Communication & Time-Saving Assistants

  • Email — Label, prioritize, and draft replies. Demo
  • Calendar — Automatically reserve focus time.
  • Slack — End-of-day summaries for active channels.

---

Extend Automation into Monetization

Integrate Agent Builder automation with AiToEarn官网 for global multi-platform publishing and revenue.

AiToEarn supports:

  • Content generation tools
  • Cross-platform publishing
  • Analytics & AI模型排名
  • Platforms include Douyin, Kwai, WeChat, Bilibili, Rednote, Facebook, Instagram, LinkedIn, Threads, YouTube, Pinterest, and X (Twitter).

---

What’s Next

We’re learning more every day from early adopters.

For creators, AiToEarn offers open-source workflows to monetize AI-powered ideas across major channels — all from one place.

---

This rewrite organizes your content into clear sections with headings, lists, and highlights, improving readability while preserving all links and images. Would you like me to also add a visual step-by-step diagram for the "Build an Agent in 5 Minutes" section? That would make it even more beginner-friendly.

Read more

Translate the following blog post title into English, concise and natural.
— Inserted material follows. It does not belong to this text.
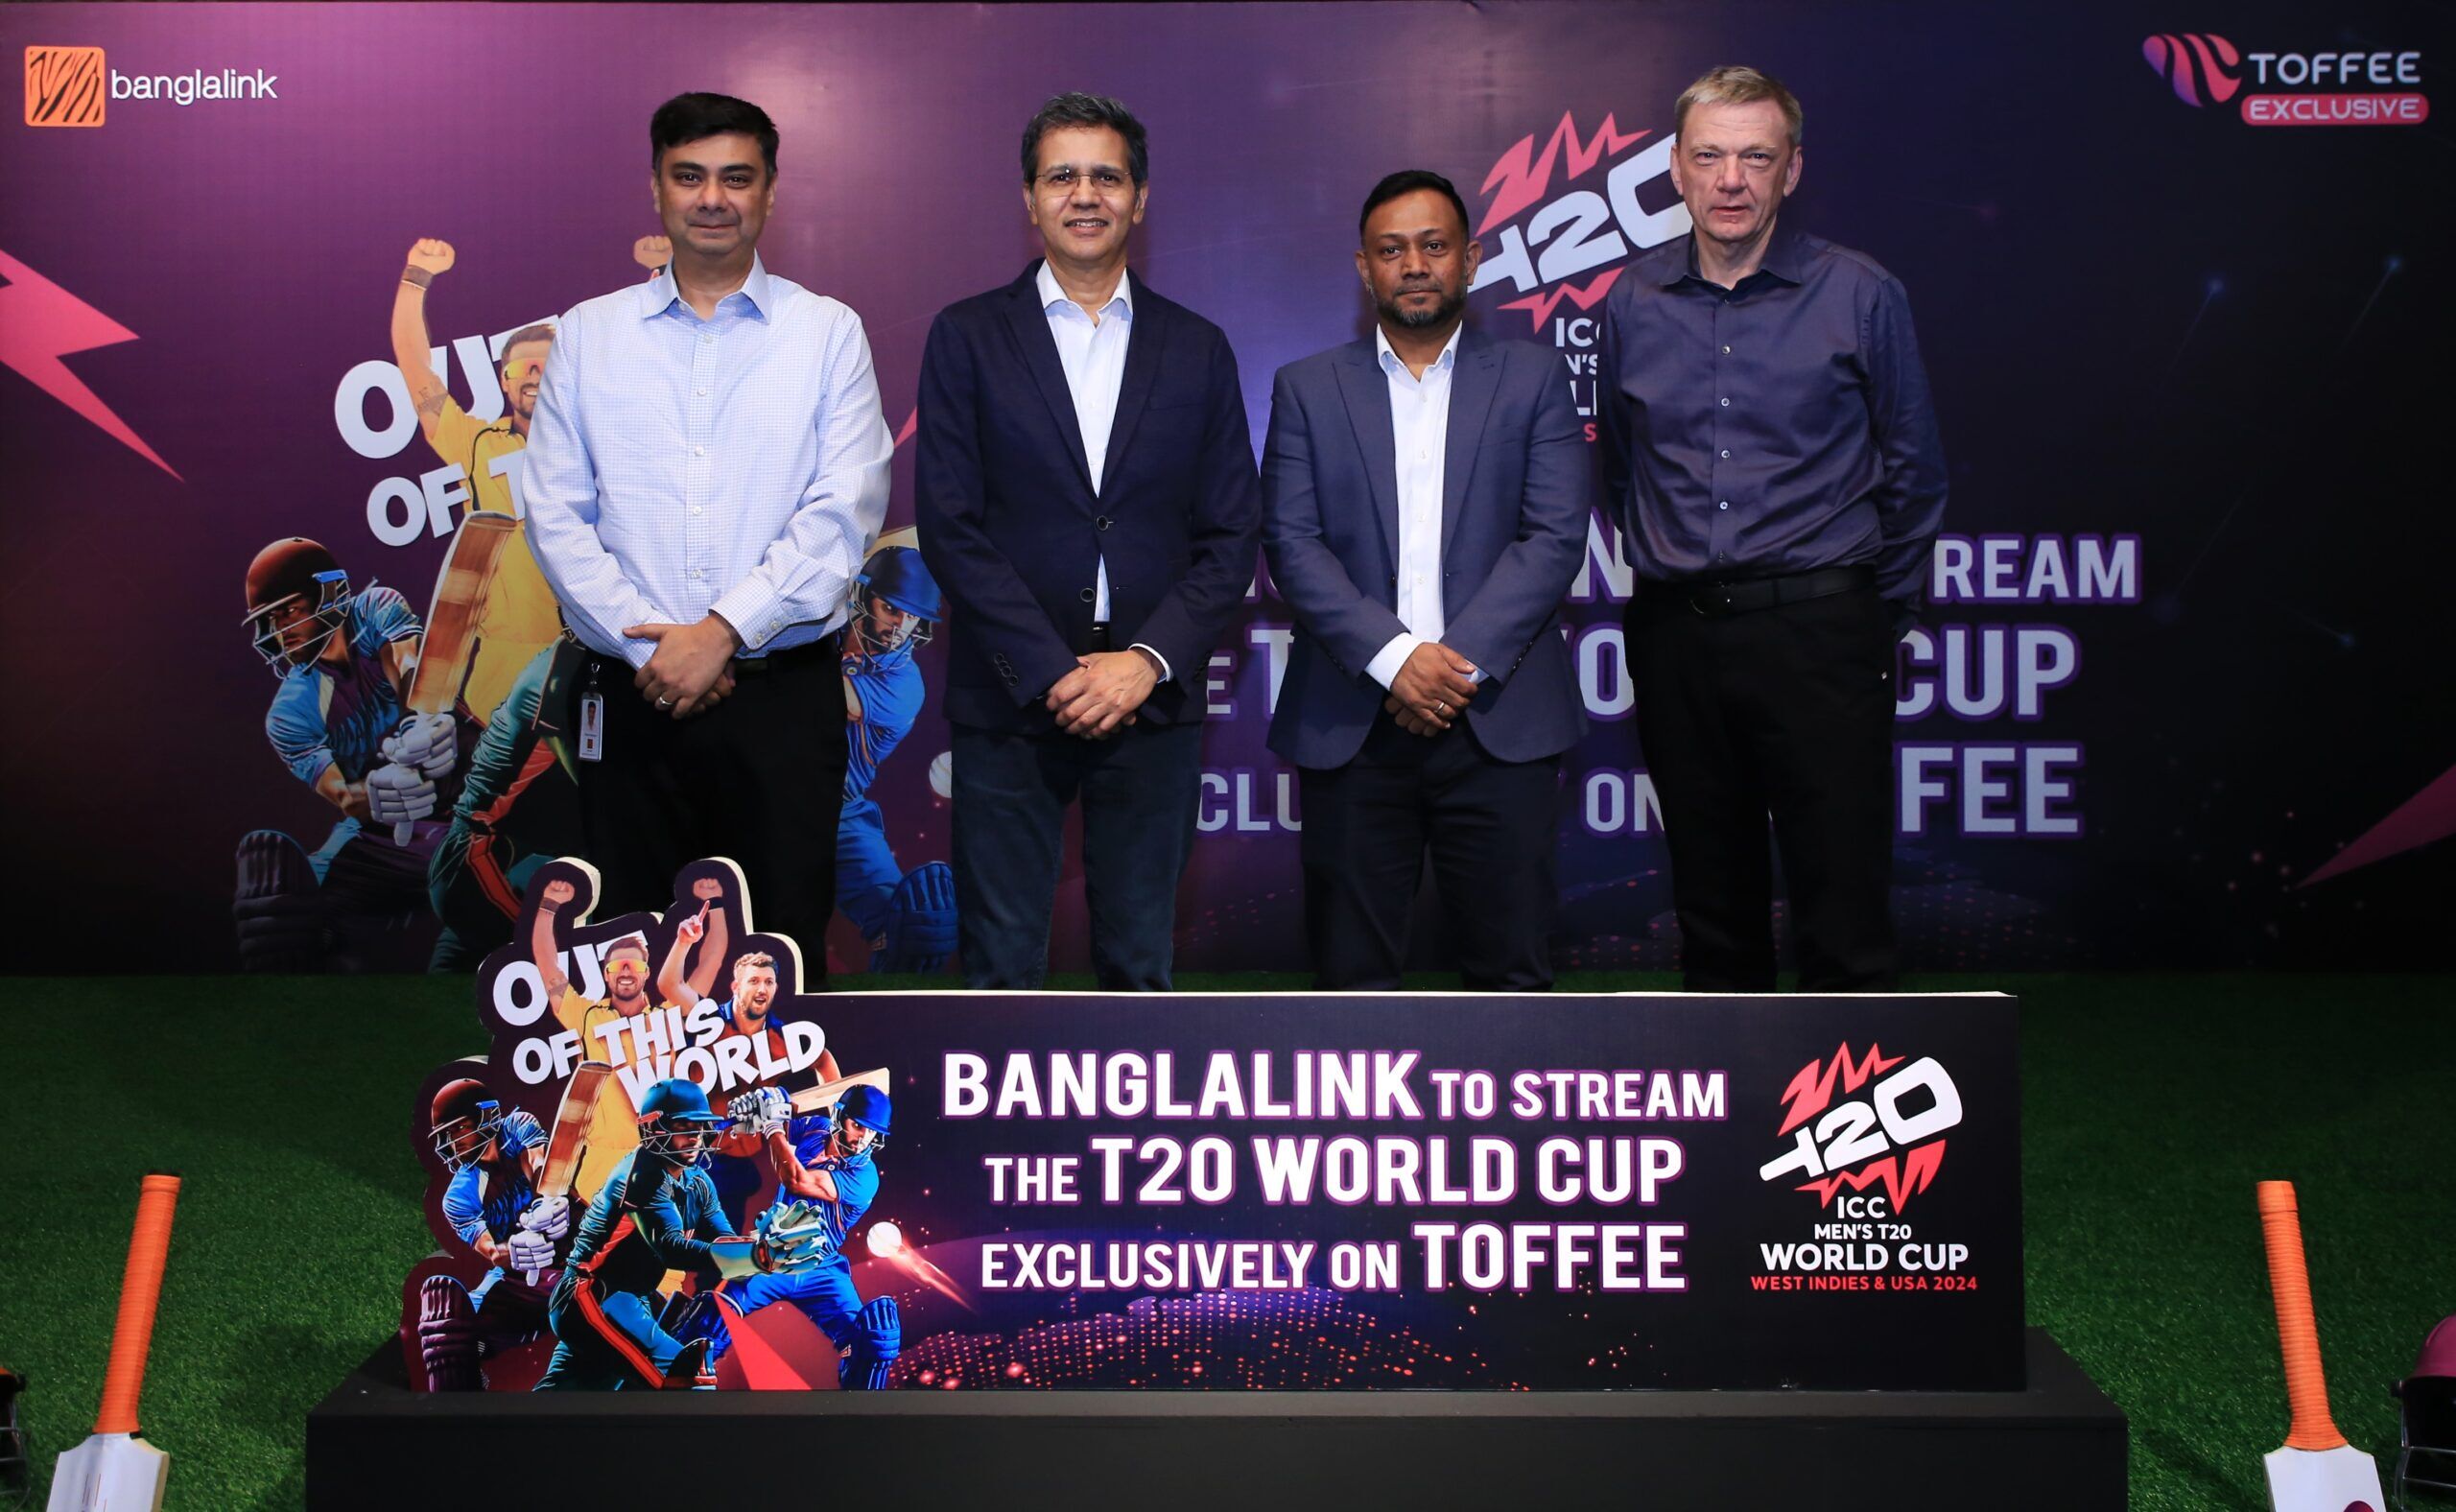 Banglalink Secures Exclusive Digital Streaming Rights of ICC Cricket Tournaments for Toffee-Markedium

Return plain text only without quotes. 哈佛大学 R 编程课程介绍

Harvard CS50: Introduction to Programming with R Harvard University offers exceptional beginner-friendly computer science courses. We’re excited to announce the release of Harvard CS50’s Introduction to Programming in R, a powerful language widely used for statistical computing, data science, and graphics. This course was developed by Carter Zenke.